Does hashcat not actually use CUDA for Nvidia cards now? I'm puzzled over the fact that there's no .cu files on github but there are many .cl files for OpenCL. I keep thinking back to (now outdated) cudaHashcat vs oclHashcat and find myself quite confused over this.

I'm doing a research project for school where I'm making a CUDA md5 cracker, and while programming my own md5 implementation in CUDA, I was thinking of using hashcat's CUDA md5 for good measure to compare against mine/to have a well-implemented version since mine is bound to not be ideal.

Now that I actually look, however, this doesn't seem to be the case. I've already committed to using CUDA specifically for my project so I don't want to just switch to OpenCL. Secondly, I thought OpenCL was noticeably slower on Nvidia cards compared to CUDA due to Nvidia's snail-pace at supporting it? Hasn't it still not gotten OpenCL 2.0 support yet?

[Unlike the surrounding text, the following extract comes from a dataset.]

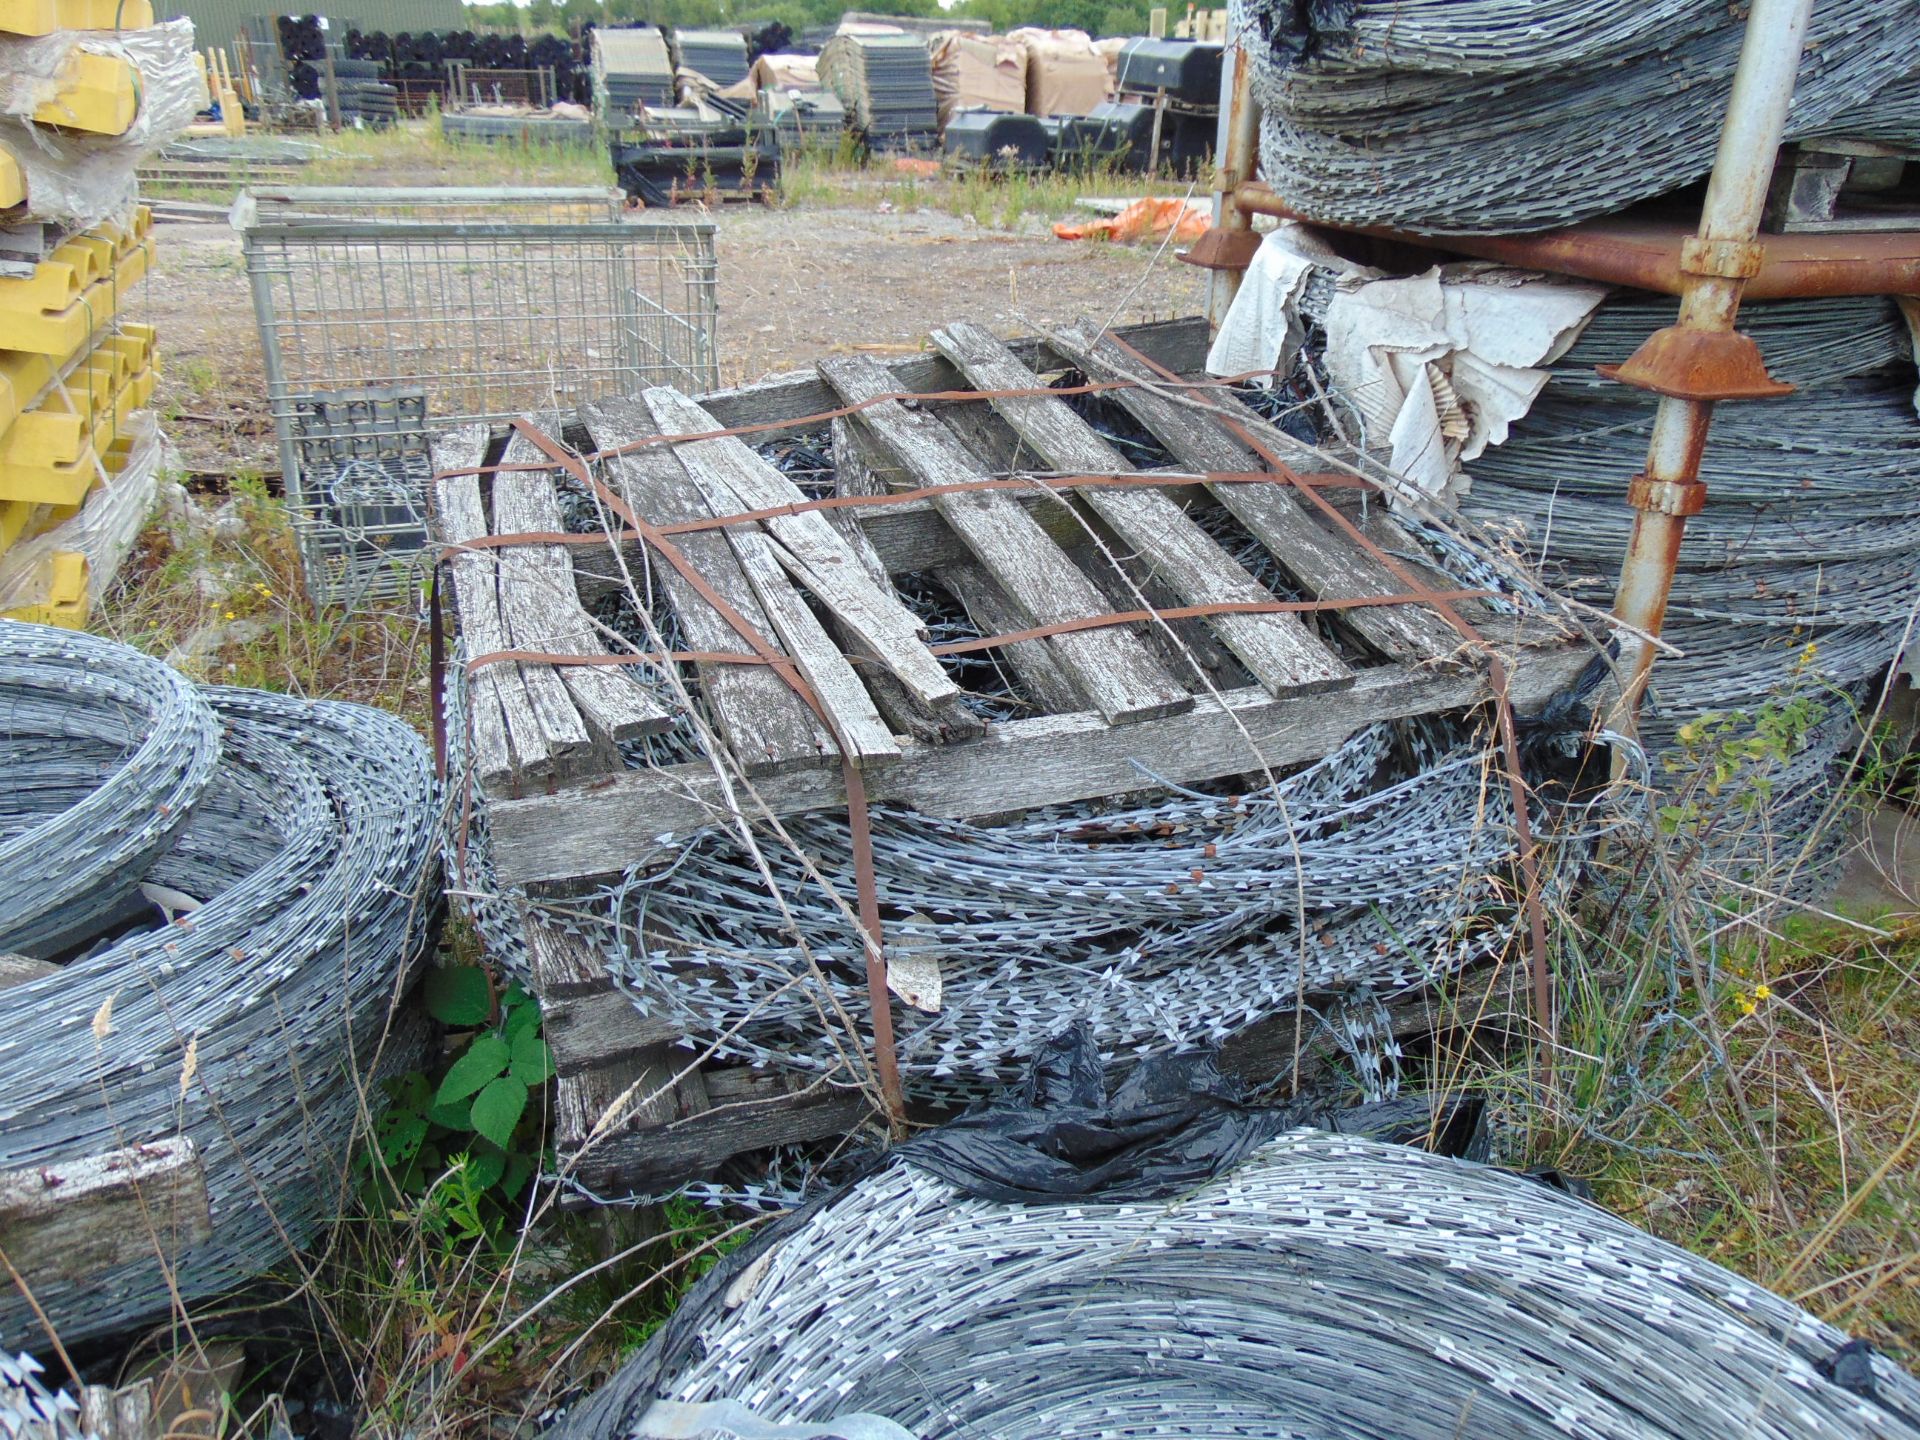 4 x Large Pallets of MoD Galvanised Razer Wire in Expanding Coils Quantity as shown - Image 5 of 6

Thanks! (I wasn't sure if this belonged in the developer or support forum more, please move if I chose incorrectly)
That's right, hashcat no longer uses CUDA, but OpenCL. There's some speed drop caused by OpenCL but in Hashcat we can either avoid it by doing some workaround in the code (which requires SM >= 50) or simply it has no effect because the functions used in crypto are not related to floating point operations (it's all true integer operations). Switching to OpenCL also enabled hashcat to make use of CPU, FPGA, etc. There's a lot of good reasons. For cards < SM 50 there's a performance drop, but that's old GPU and since this is a application used in high-performance environments we don't care much. OpenCL 2.0 brings no advantage for Hashcat, that's why we can stick to OpenCL 1.2 (actually OpenCL 1.1 but sticking to OpenCL 1.2 makes it easier to live with the drivers).
Very interesting, thanks for such a detailed response! So in your personal opinion, do you think OpenCL is overall a better choice than CUDA unless you explicitly need CUDA-specific features? Your post makes me want to consider using OpenCL instead if it is a more "well-rounded" experience. The cross-platform benefit is nice but since I'm just beginning to be exposed to scientific computing I also want to have the best base to start with. Any opinion on difficulty of either one?
From a technical perspective and for our use-case OpenCL is clearly superior to CUDA. The problem is more like a political one. NV (being the current leader in producing hardware practical for password cracking) may decide to artificially drop OpenCL performance to make their own CUDA product look stronger. That happend in the past (around driver 180.x) and there's no guarantee they will never do it again. Currently they only indirectly do it, for example by having the CPU running in a burning loop waiting the the GPU kernel to finish and giving the OpenCL user no option to disable this, while in CUDA there's such an option.

The actual performance otherwise (in a perfect written kernel) is the same. Both "interfaces" just compile to an intermediate code (PTX in case of NV). But this enables a new problem. For example by choosing different LLVM compiler versions in OpenCL and CUDA to end up with different intermediate code. It's possible that they have differences in optimization or even bugs.